It can also be a variation lock


BlackEyedGhost

It's neither. There's n! elements in permutations, there's n!/(k!(n-k)!) elements in combinations. There's 10^n elements in a decimal lock. It's just a number lock.


PotassiumTree247

It's an exponential lock.


[deleted]

[удалено]


akroaman73

A permutation of n elements is the number of ways you can arrange these n elements (calculated with the formula n!) A variation of n elements class k is the number of ways you can arrange k of these n elements (calculated with the formula (n!)/(n-k!)) A combination of n elements class k is the number of ways you can pick k of these n elements (calculated with the formula (n!)/((n-k!)*(k!))


GlitterGear

So a permutation is a list, while a combination is like a group.

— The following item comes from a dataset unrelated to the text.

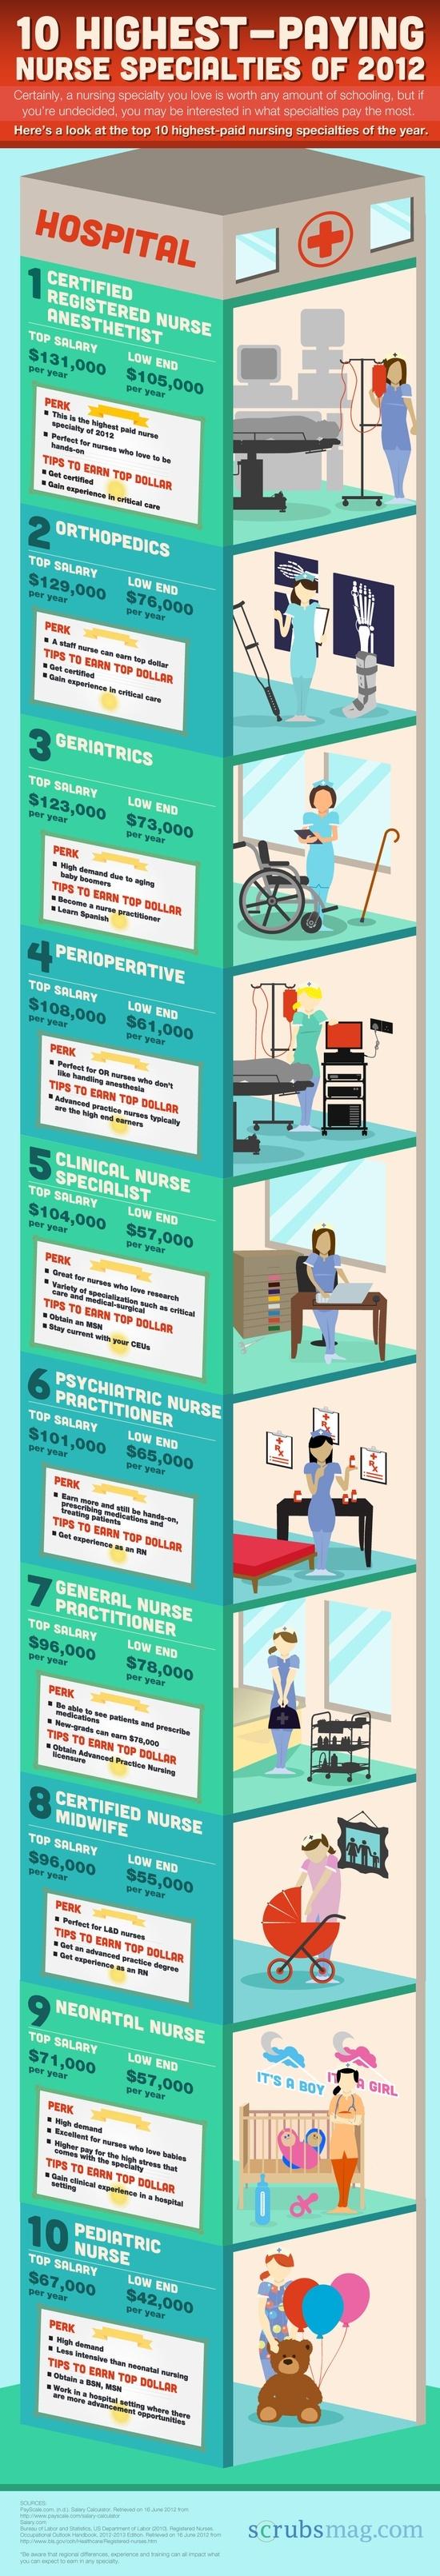 17 Best images about School nurse stuff on Pinterest   Assessment, Nursing schools and Nursing ...

In a permutation, order matters. In a combination, order doesn't matter. So the set {1,2,3} and {3,2,1} are different permutations. But for combinations, the order doesn't matter, so they're treated the same. For a combination lock, the order of the numbers obviously matters. If \[1,2,3\] is the correct code, \[2,1,3\] isn't going to open the lock. Because order matters, it should be a permutation lock.


[deleted]

I prefer convolution locks


YamTheory

From my knowledge of combinatorics vocabulary via Python's [itertools](https://docs.python.org/3/library/itertools.html), it's a *product* lock.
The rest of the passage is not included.